[chimera-dev] Using Chimera to display family shuffling information.

[Elaine Meng]

On Apr 8, 2015, at 5:11 PM, Matthew Tiffany <matt.tiffany at icloud.com> wrote:

> To Whom It May Concern:
> I am interested in displaying results from DNA shuffling experiments on a crystal structure. Here is a graphical tool that I have found to do this: http://qpmf.rx.umaryland.edu/XoverDemo.html
> 
> What I would like to do is input an alignment of parental sequences and separately a chimeric protein that is derived from the parental sequences by domain shuffling. Then color code a related structure based upon which domain of a parent the chimeric protein came from.

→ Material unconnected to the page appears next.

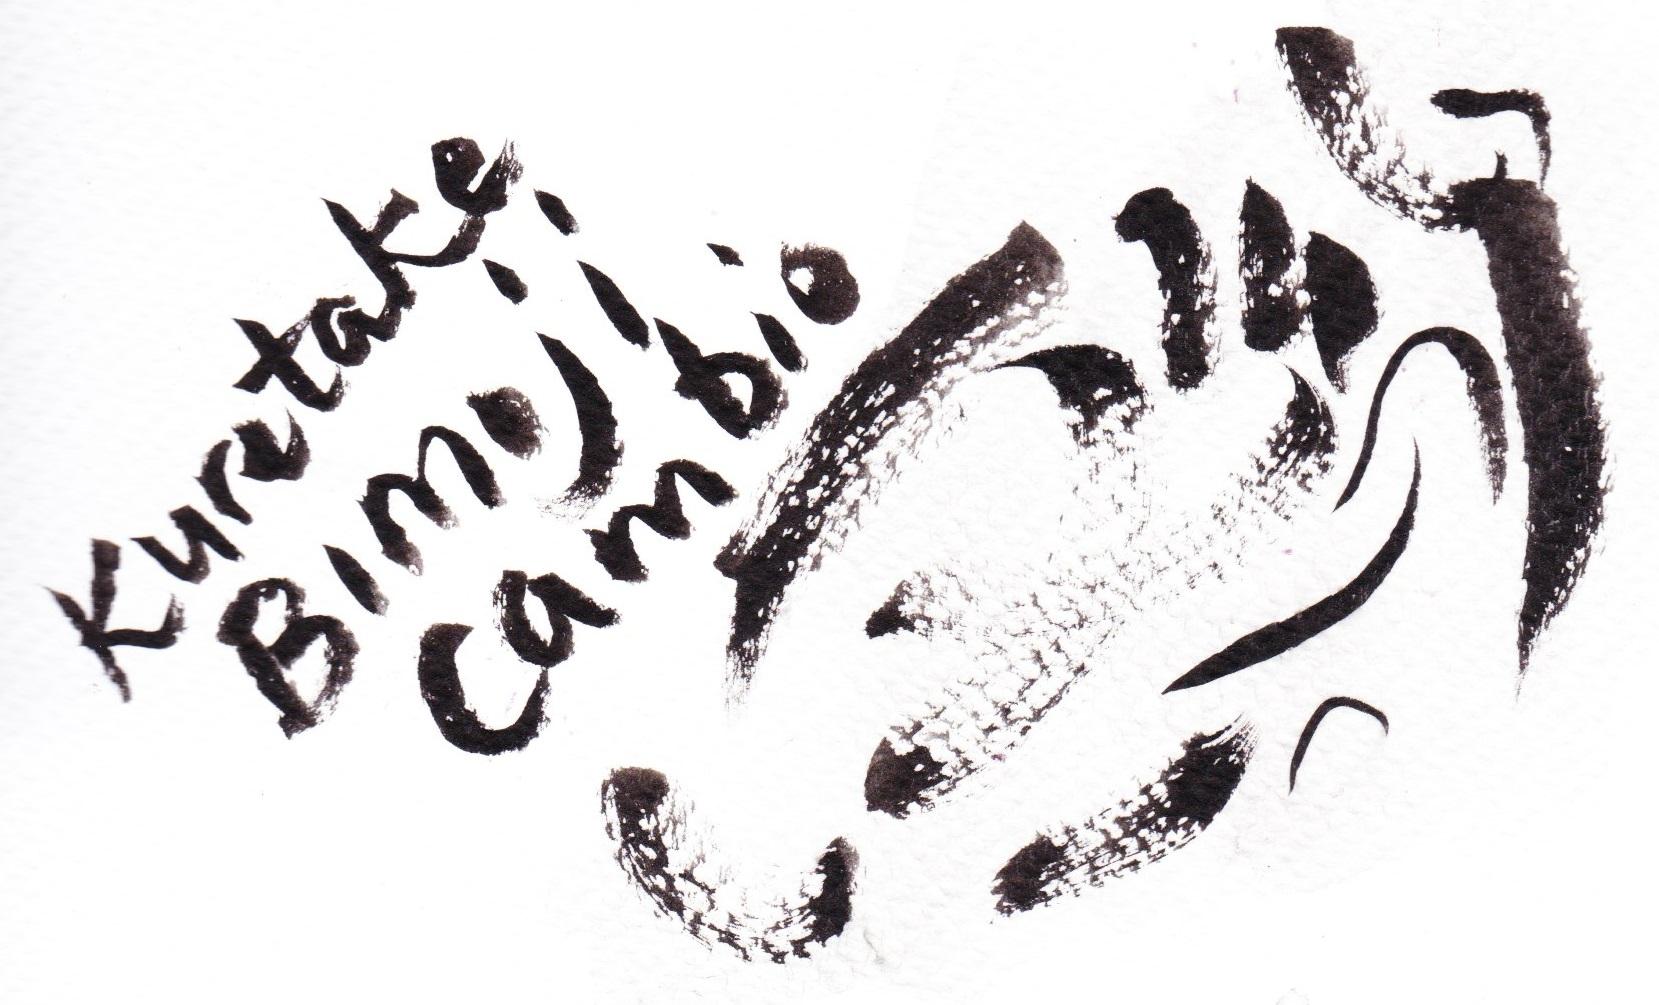 Kuretake Bimoji Cambio large on cold pressed paper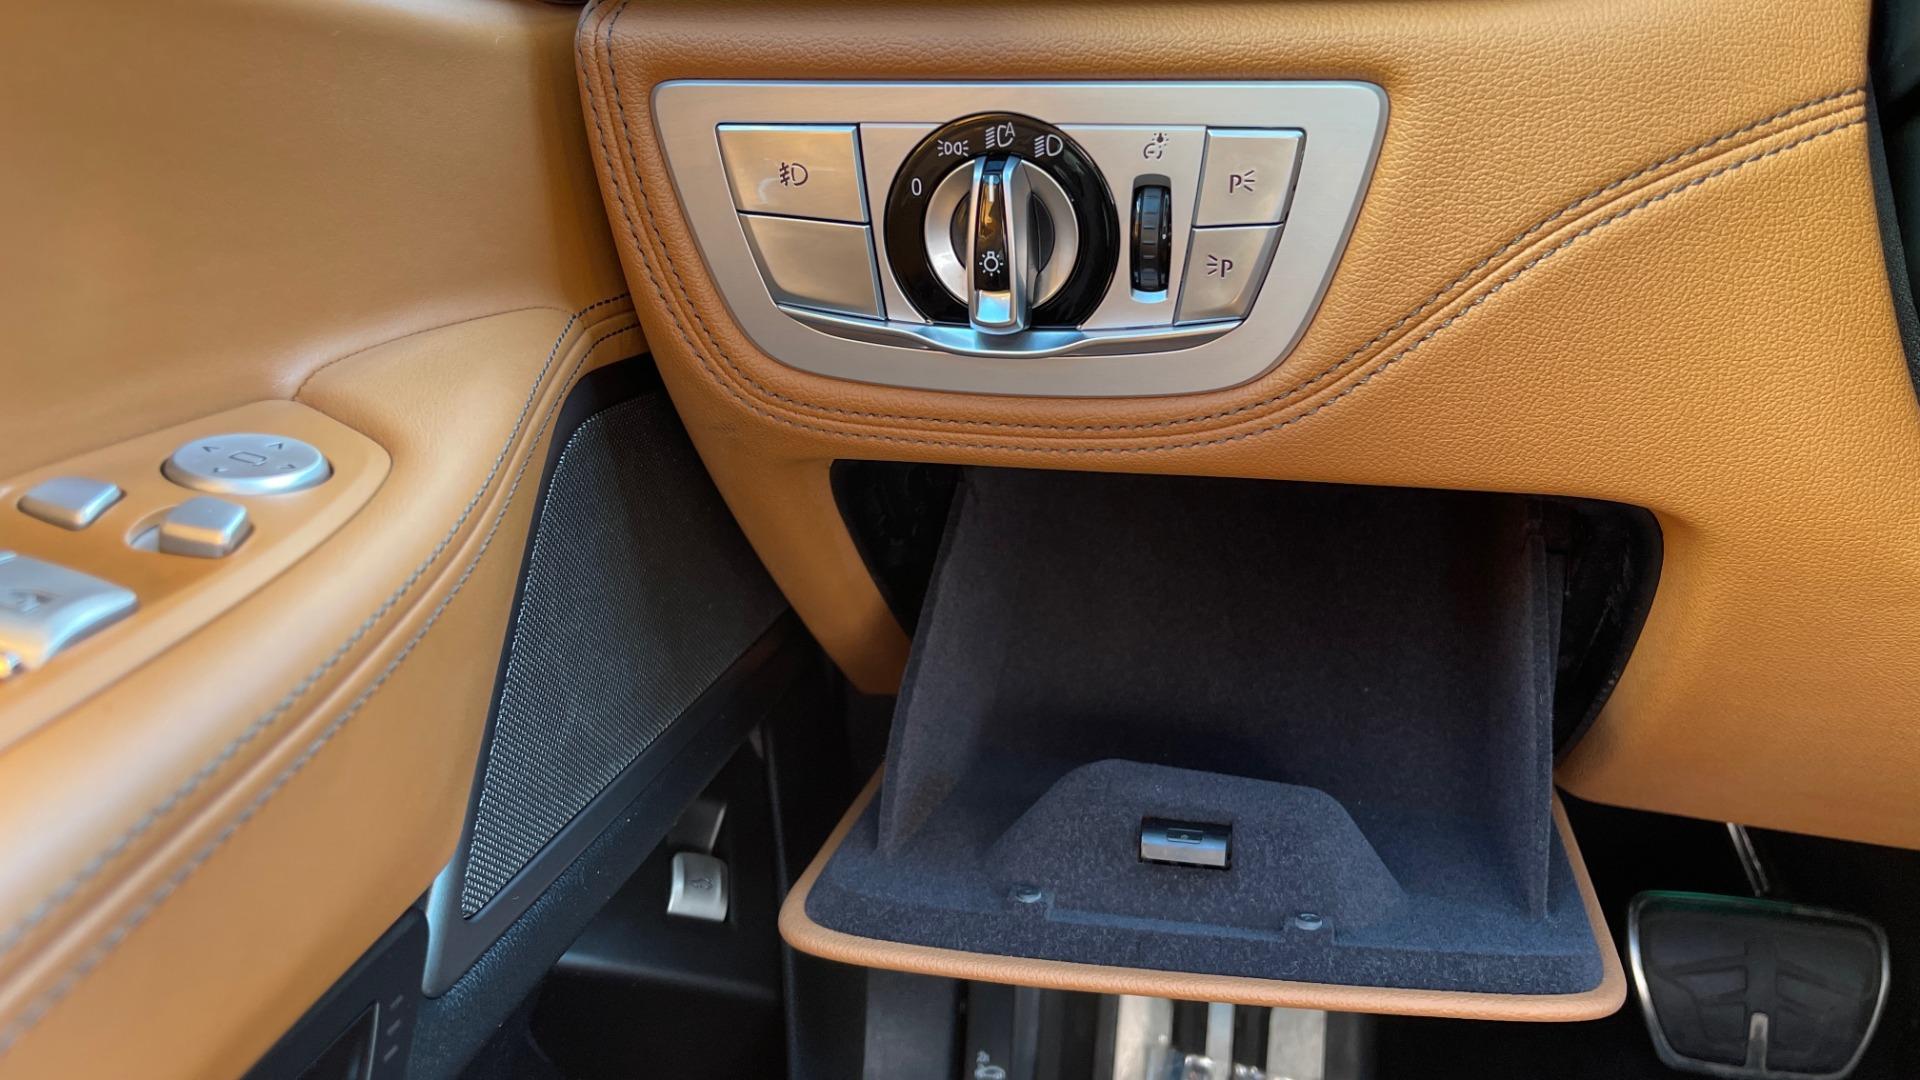 Used 2019 BMW 7 SERIES 750I XDRIVE M-SPORT / EXEC PKG / DRVR ASST PLUS / CLD WTHR / PAR for sale $60,995 at Formula Imports in Charlotte NC 28227 28

The Xover program does this in a graph, but I would like to be able to do this in 3D space. It is similar to color coding by conservation in MultiAlign, but not exactly. Is there any existing plugin that you may be aware of that does this already or a potential backbone plugin that I can use as a starting point to try and code it myself.
> 
> Regards,
> Matthew Tiffany
> Postdoctoral Fellow
> Mark A. Kay Laboratory
> Stanford University

Hi Matthew,
I’ve CC’d the chimera-users list since my answer doesn’t involve programming...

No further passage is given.